# Problem description
Using the listing below, print the line containing "Contenu du Cavalcade", the line containing "Coraline Beyaz Kadın Spor Ayakkabı", and each line between them, exactly and nothing else. Pictures stay out of the print.

# Records provided
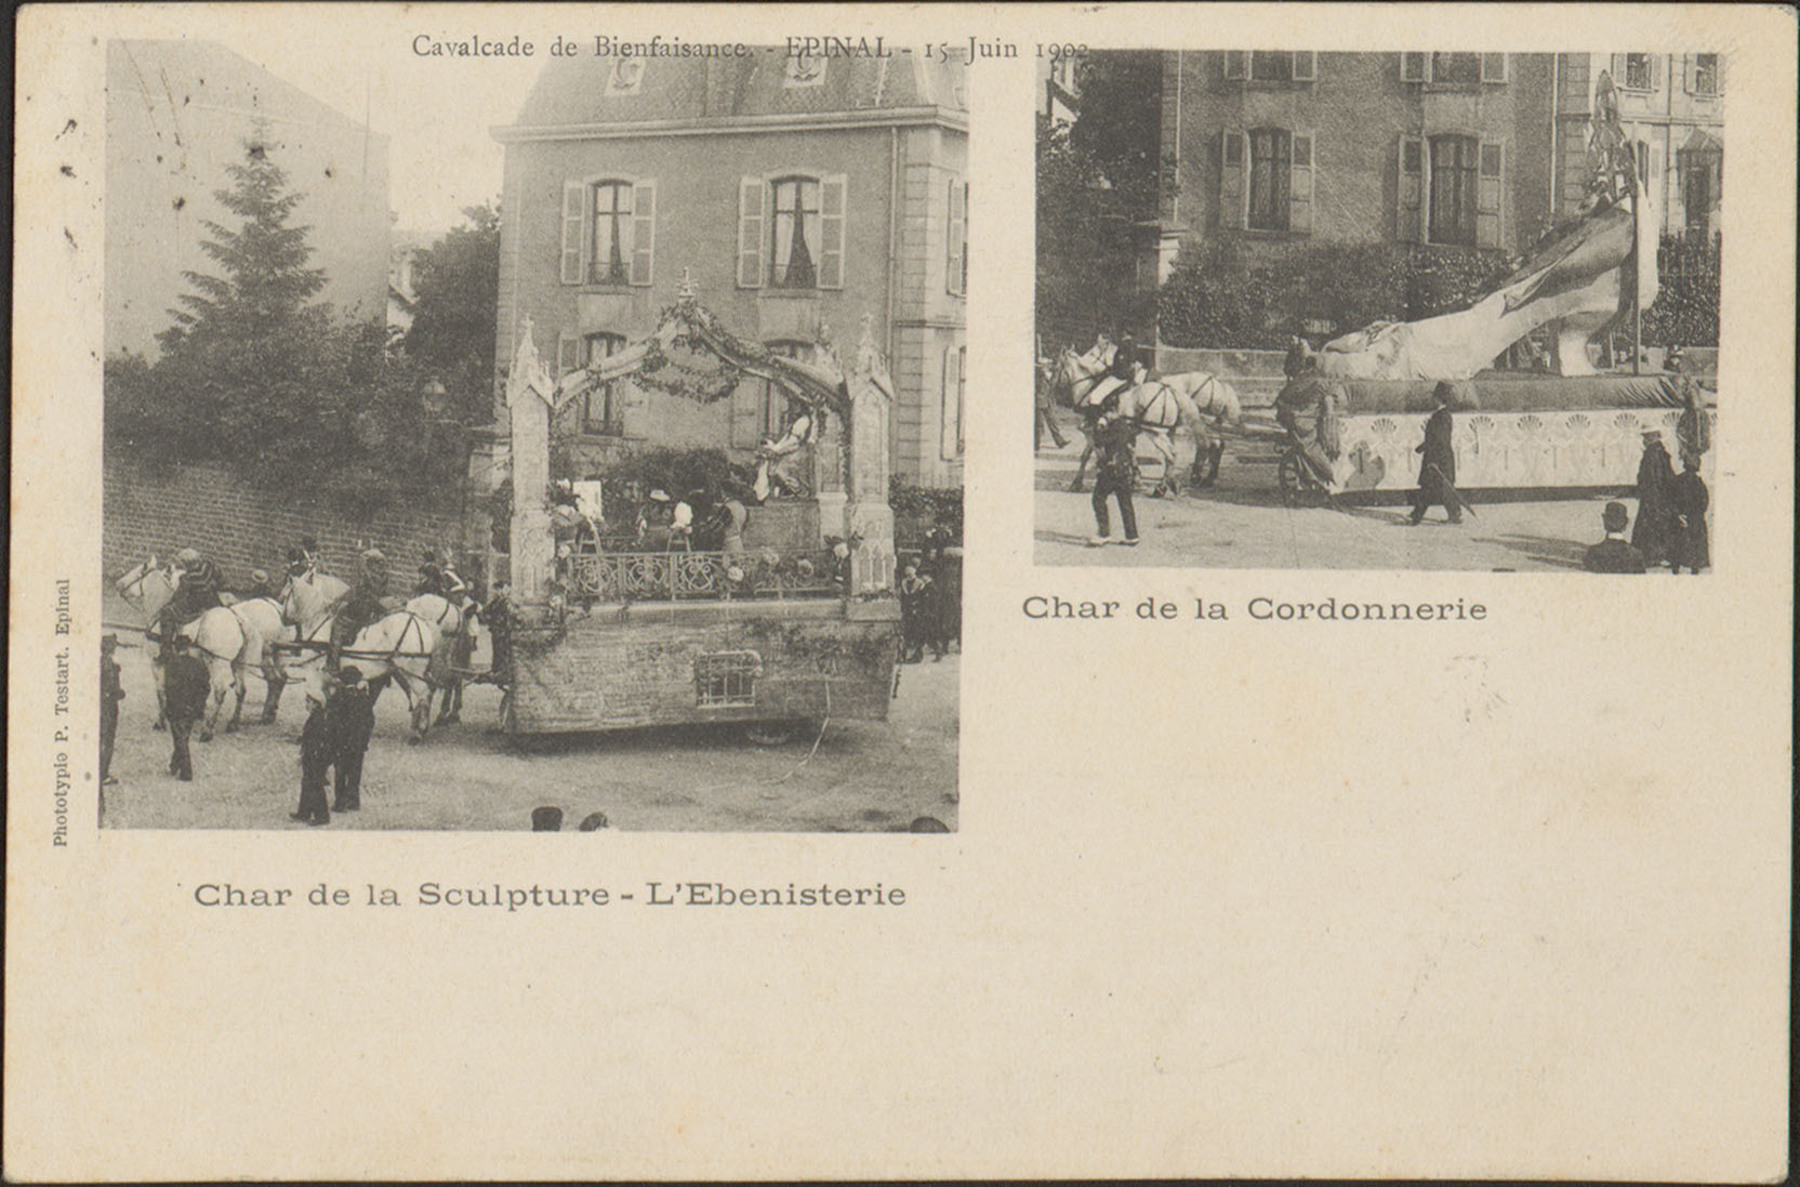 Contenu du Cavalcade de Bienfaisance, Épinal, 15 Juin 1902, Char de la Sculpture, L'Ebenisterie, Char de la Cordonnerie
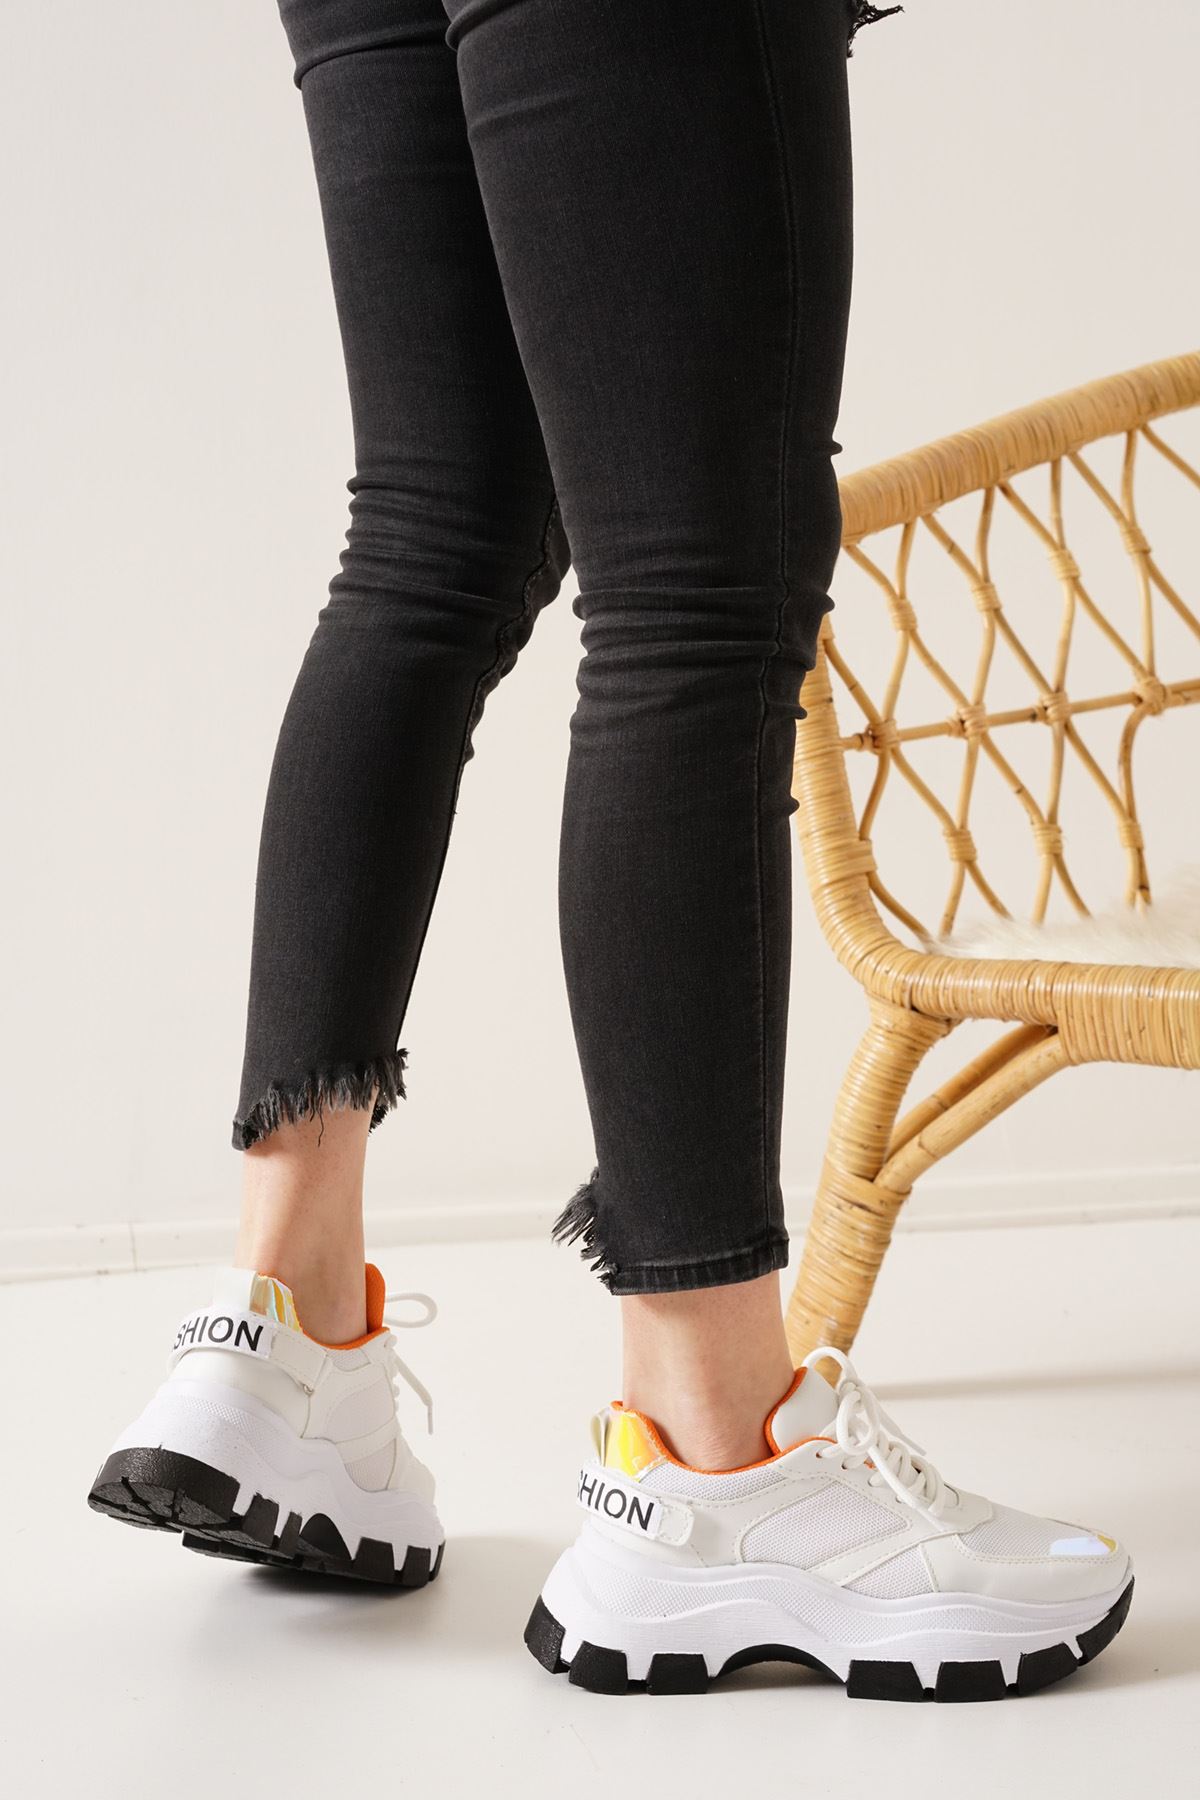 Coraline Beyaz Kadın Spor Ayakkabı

...

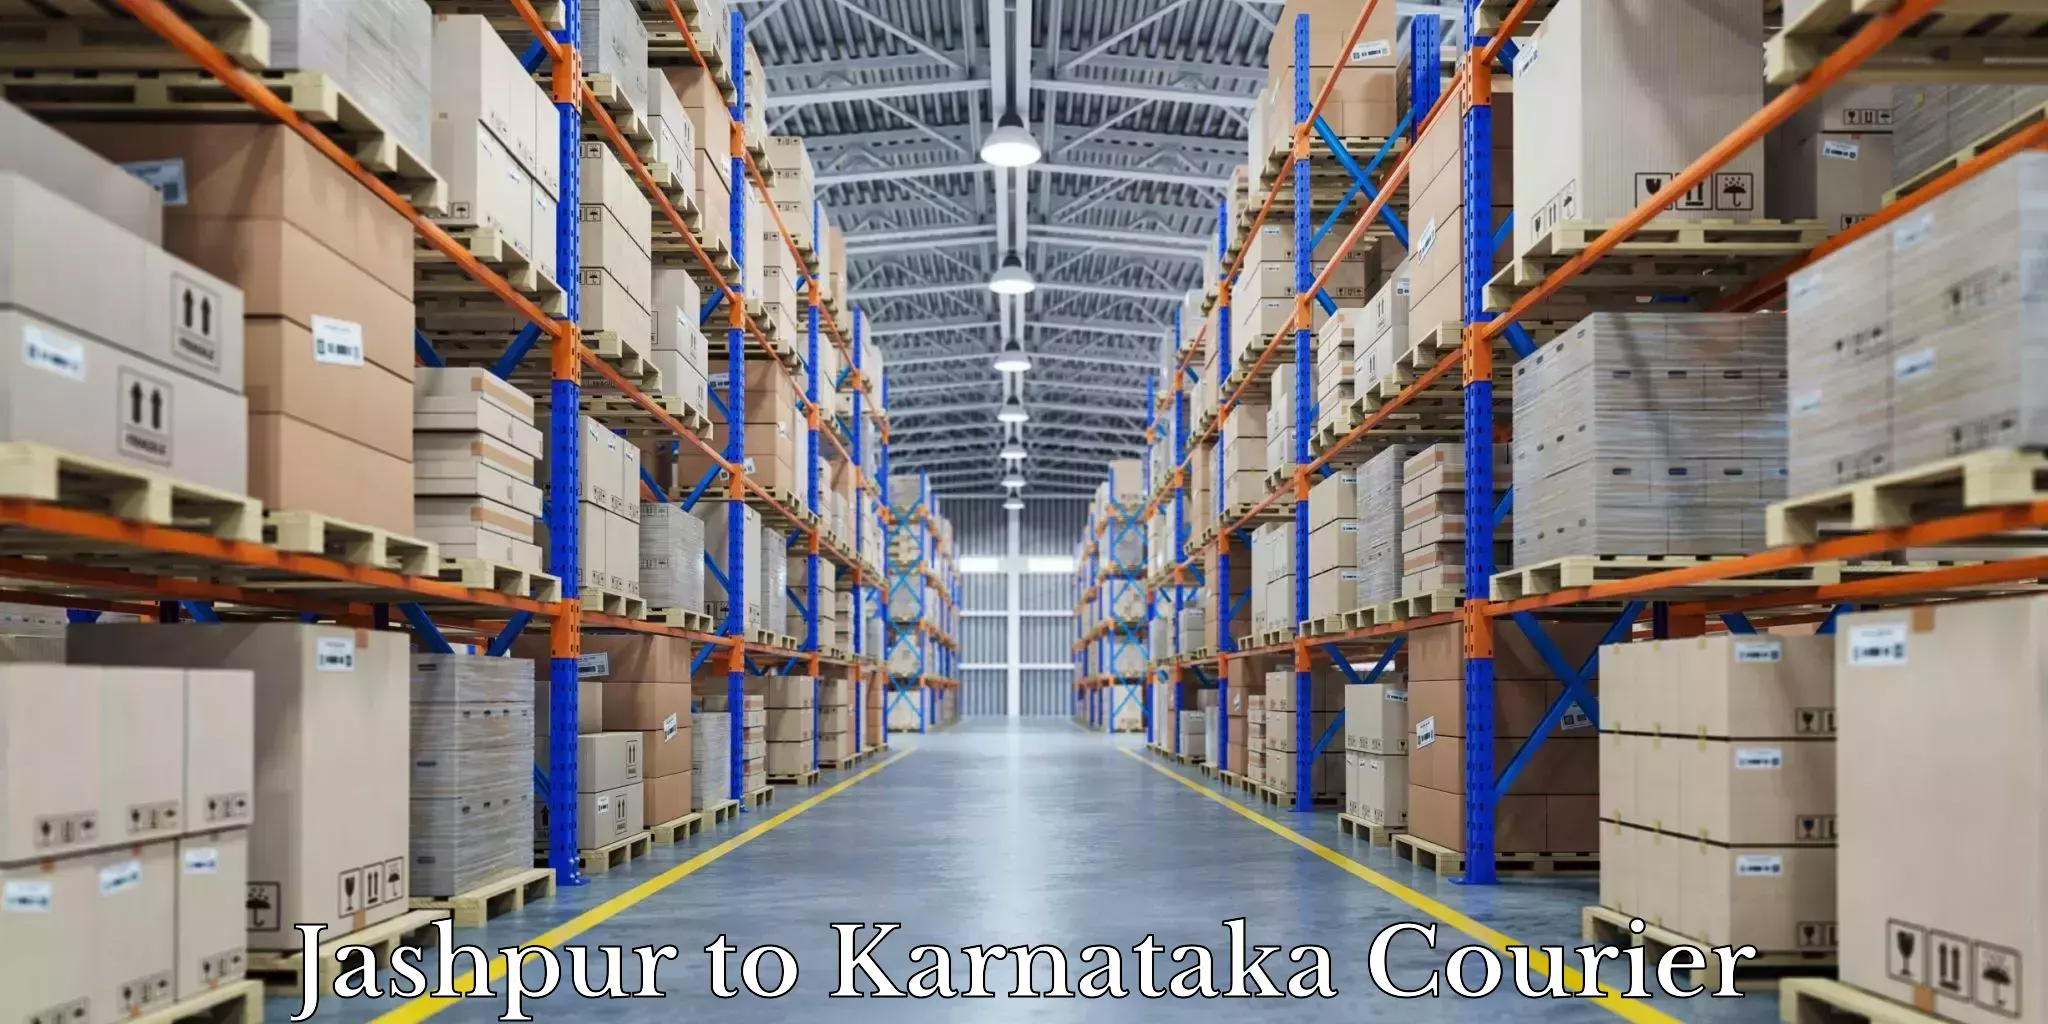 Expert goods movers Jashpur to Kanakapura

* * *

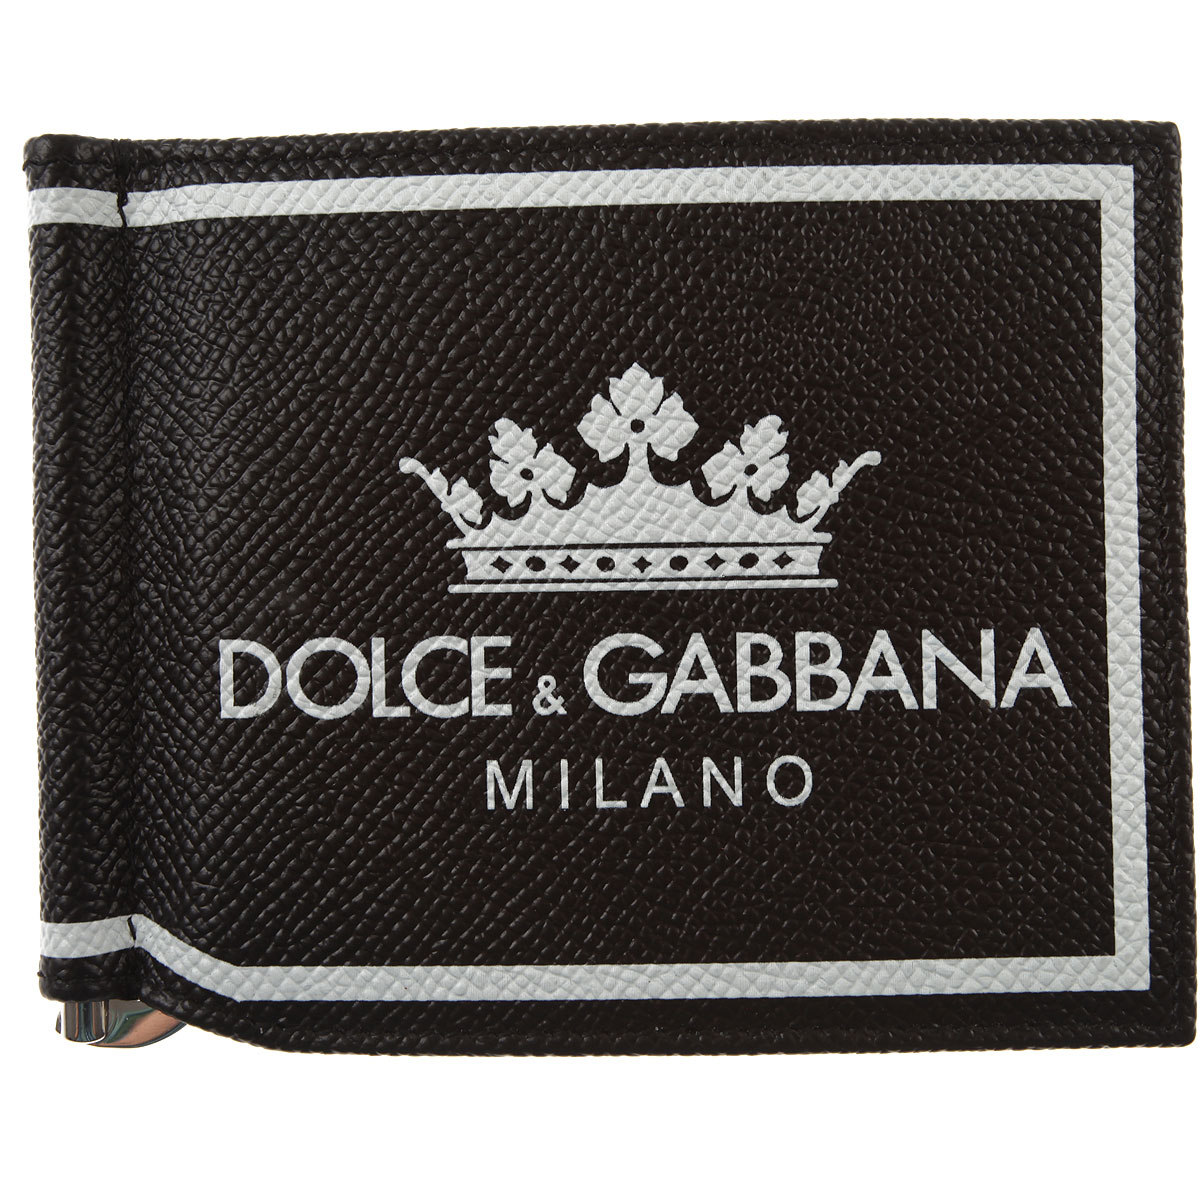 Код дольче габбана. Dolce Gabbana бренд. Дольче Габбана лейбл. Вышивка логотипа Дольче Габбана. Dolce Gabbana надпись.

# Task result
 Contenu du Cavalcade de Bienfaisance, Épinal, 15 Juin 1902, Char de la Sculpture, L'Ebenisterie, Char de la Cordonnerie
 Coraline Beyaz Kadın Spor Ayakkabı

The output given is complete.